= Stock Exchange of Visions =

The Stock Exchange of Visions is a project initiated in 2006 by Fabrica, Benetton's research center. It gathers visionaries from diverse nationalities and cultures, who hail from a wide range of specialties, to provide insight into their vision for the future.

Artists, sociologists, activists, scientists and others have answered a questionnaire designed to explore their idea of the future regarding our culture, environment, resources, economy and society. Stock Exchange of Visions aims to contribute to the awareness of our relationship with the planet while supplying positive and thoughtful answers regarding major global issues.
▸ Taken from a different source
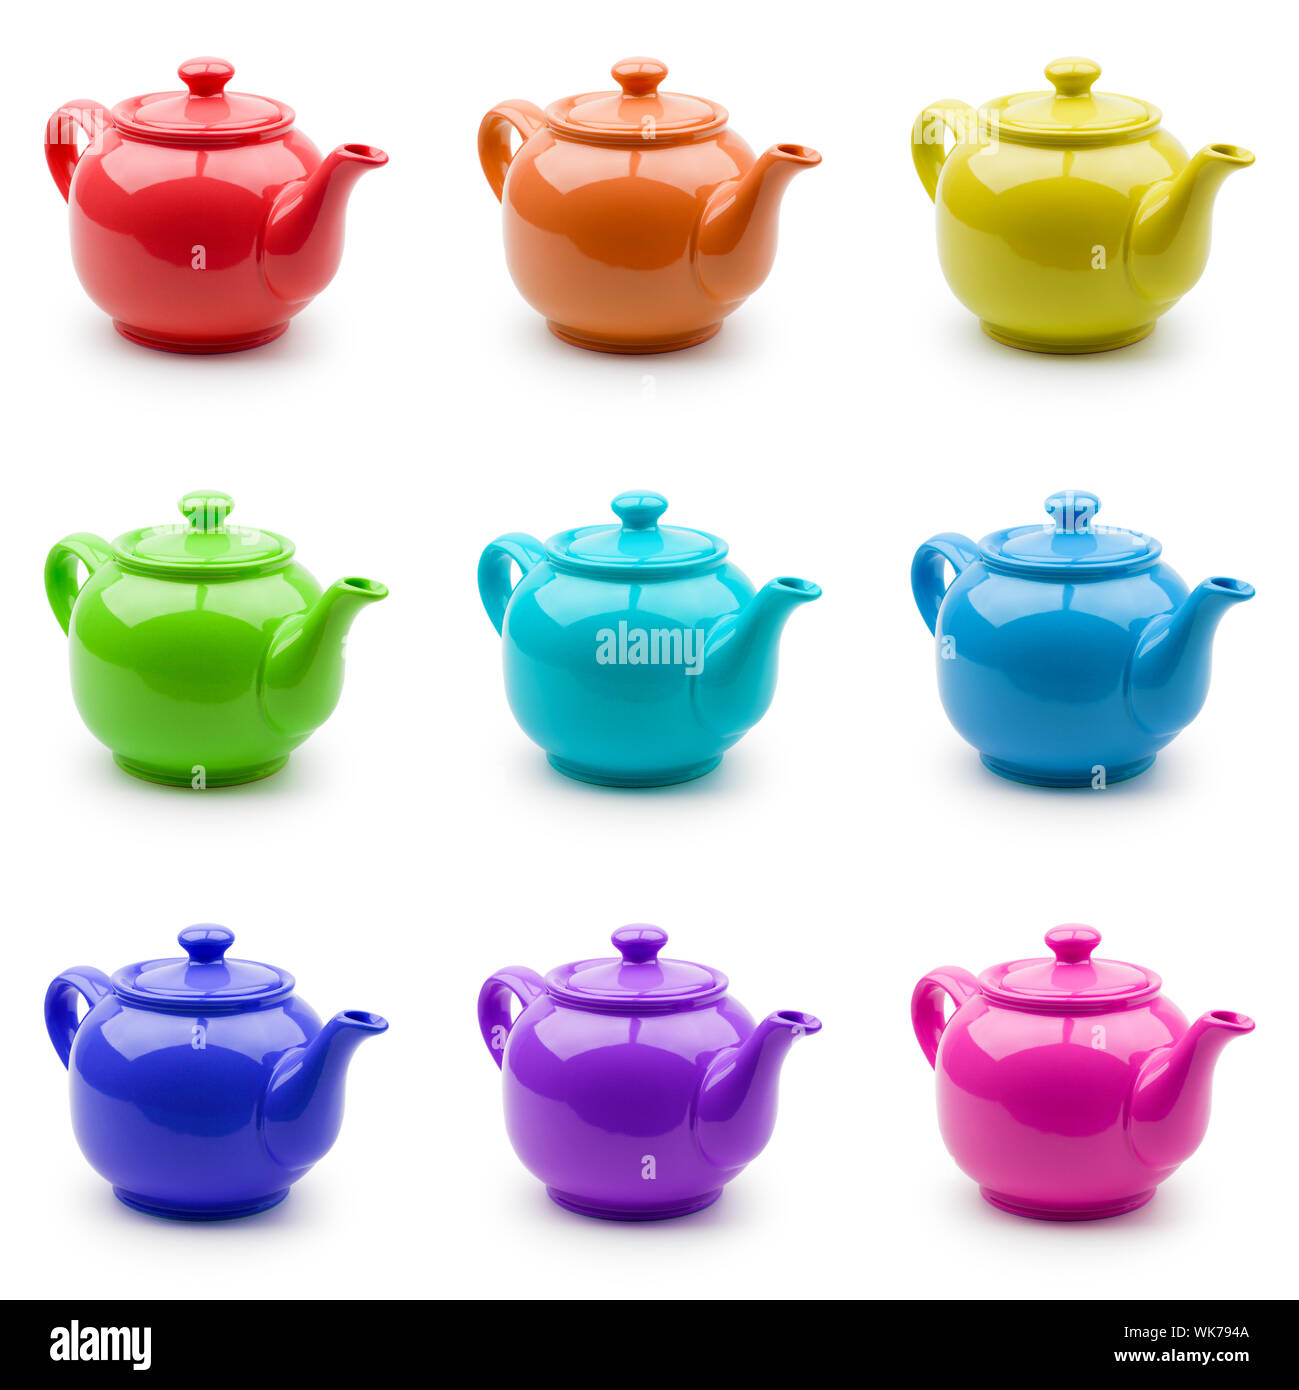 Set Of Colorful Teapots Stock Photo

Stock Exchange of Visions consists of an interactive installation and website which allows the participant to access the growing content of the project and interact with it. The installation is a site-specific knowledge hub while the website provides global access to the visions of the future collected by the project.

== Installation ==
The Stock Exchange of Visions installation creates an on-site, interactive knowledge experience. The installation features a revolutionary interactive menu to access the visions of the future, which are projected onto a life-size video screen. The life-size video screen aims to create a dialogue sphere between the selected visionary and the installation participant.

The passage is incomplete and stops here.